The exact endpoints depend on the provider. They are listed in the app's settings panel next to each provider, and they are the same endpoints the provider documents publicly. If you want to inspect the traffic, you can.
What we never see.
We do not log your conversations. We do not log your transcripts. We do not log the prompts you send to your LLM provider, or the responses they return. We could not produce them if you asked us to, and we could not produce them if a third party asked us to.
This is an architectural property, not a policy promise. There is no Tesouro-operated server in the request path for any LLM or transcription provider, today or planned. Bring-your-own-keys is the constraint that makes the rest of this page true; it is not a feature toggle that could quietly flip.

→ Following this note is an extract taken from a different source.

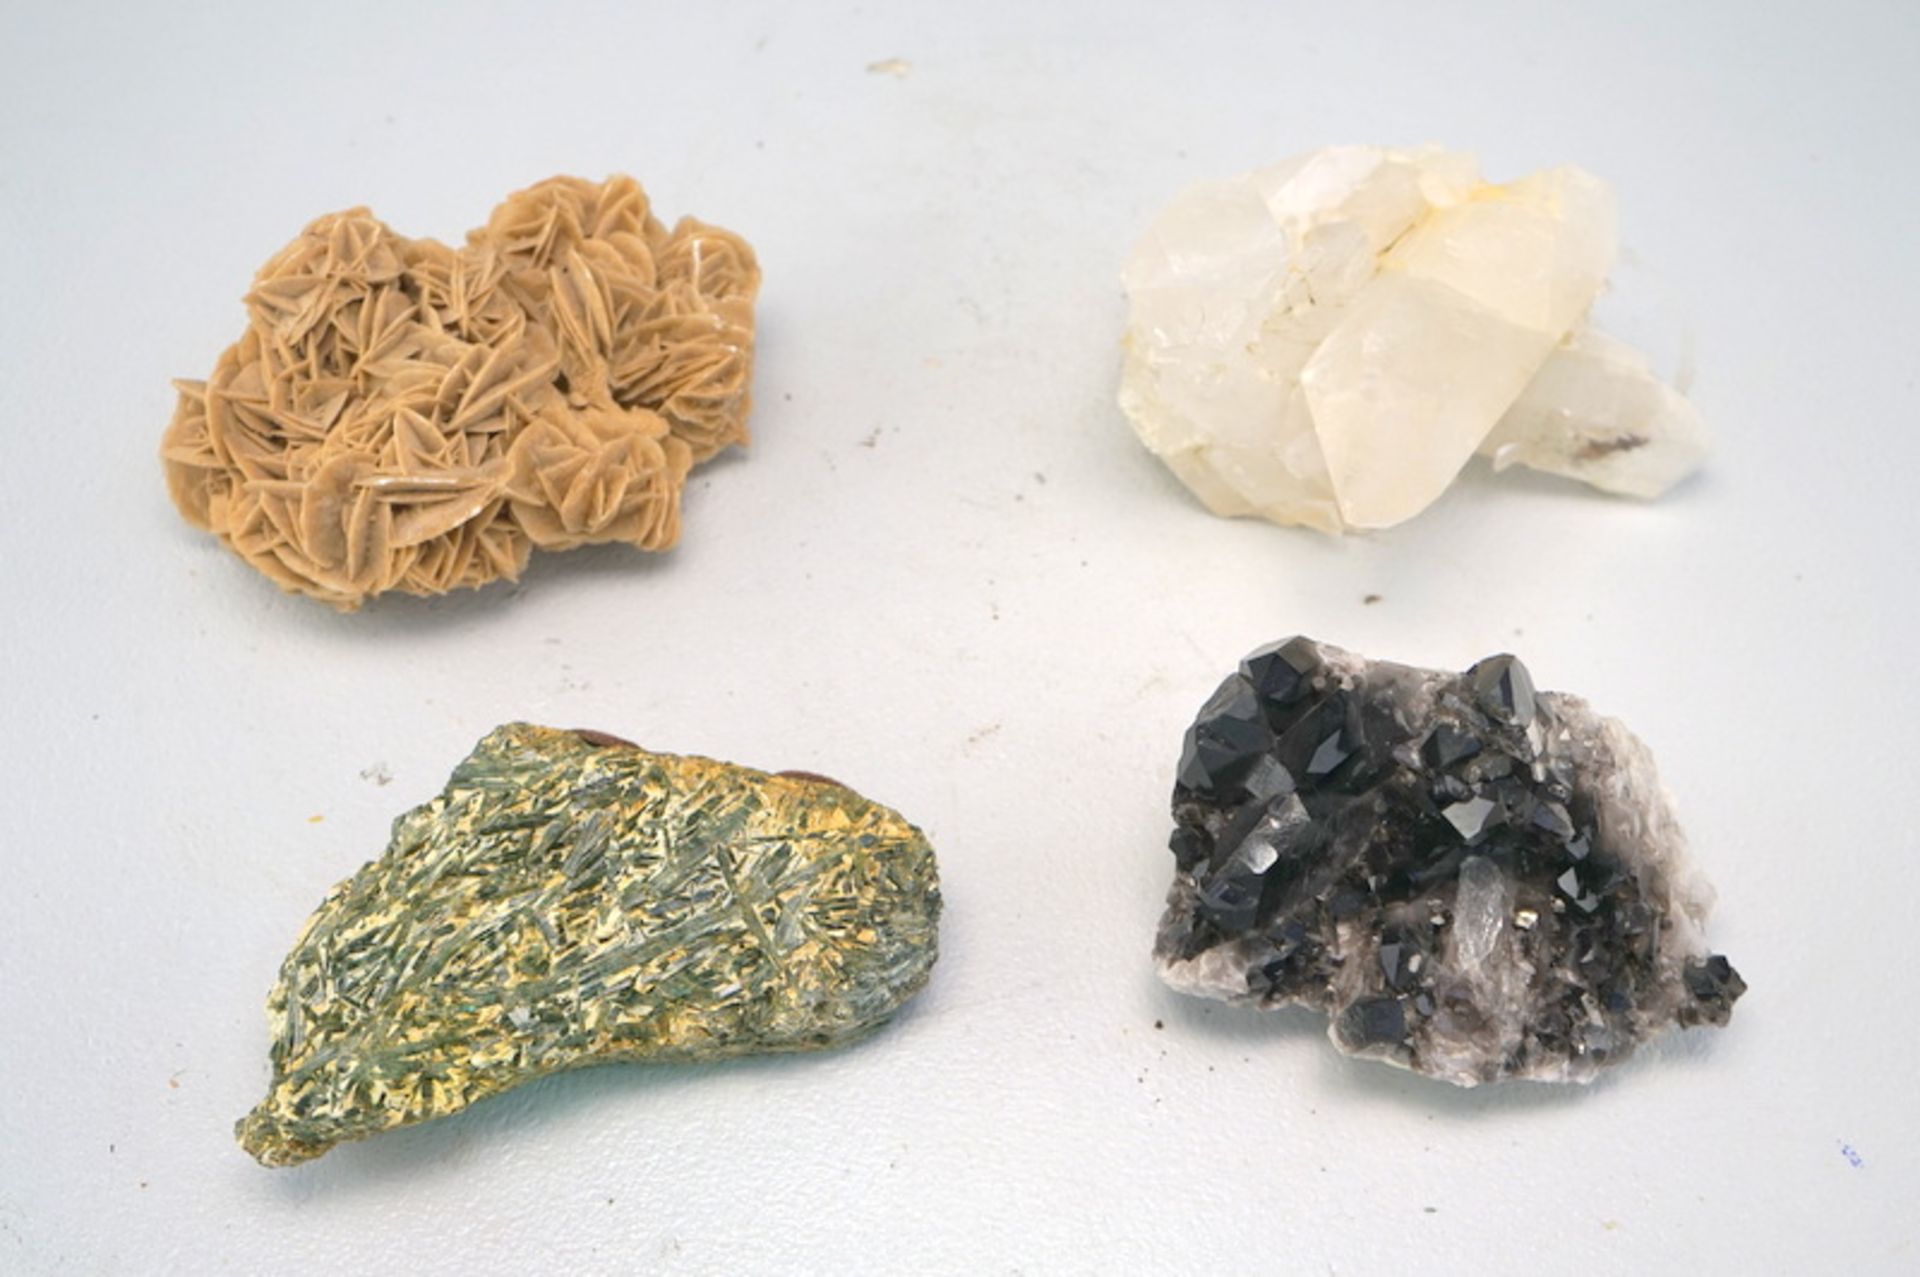 Sammlung von sieben Mineralien

What the waitlist collects.
When you sign up for the waitlist, we store your email address, the moment you submitted it, and a single-use token used to confirm the email by clicking the link we send you. The record is held in Cloudflare D1. The lawful basis is your consent, given when you submitted the form.
We use the address for one purpose: to email you when Kennan is ready, and to email occasional product updates between now and then. We will not pass it to anyone, and we will not use it for anything else. If you want it removed, send a one-line note to hello@kennan.app and it will be deleted on receipt.
What the site itself measures.
Aggregate page-view counts via Cloudflare Web Analytics. No cookies, no third-party JavaScript, no per-visitor identity, no session replays, no fingerprinting. We do not run Google Analytics, Plausible, PostHog, Segment, or any pixel. We can tell you that the bibliography page got a hundred visits last week. We cannot tell you which of them was you.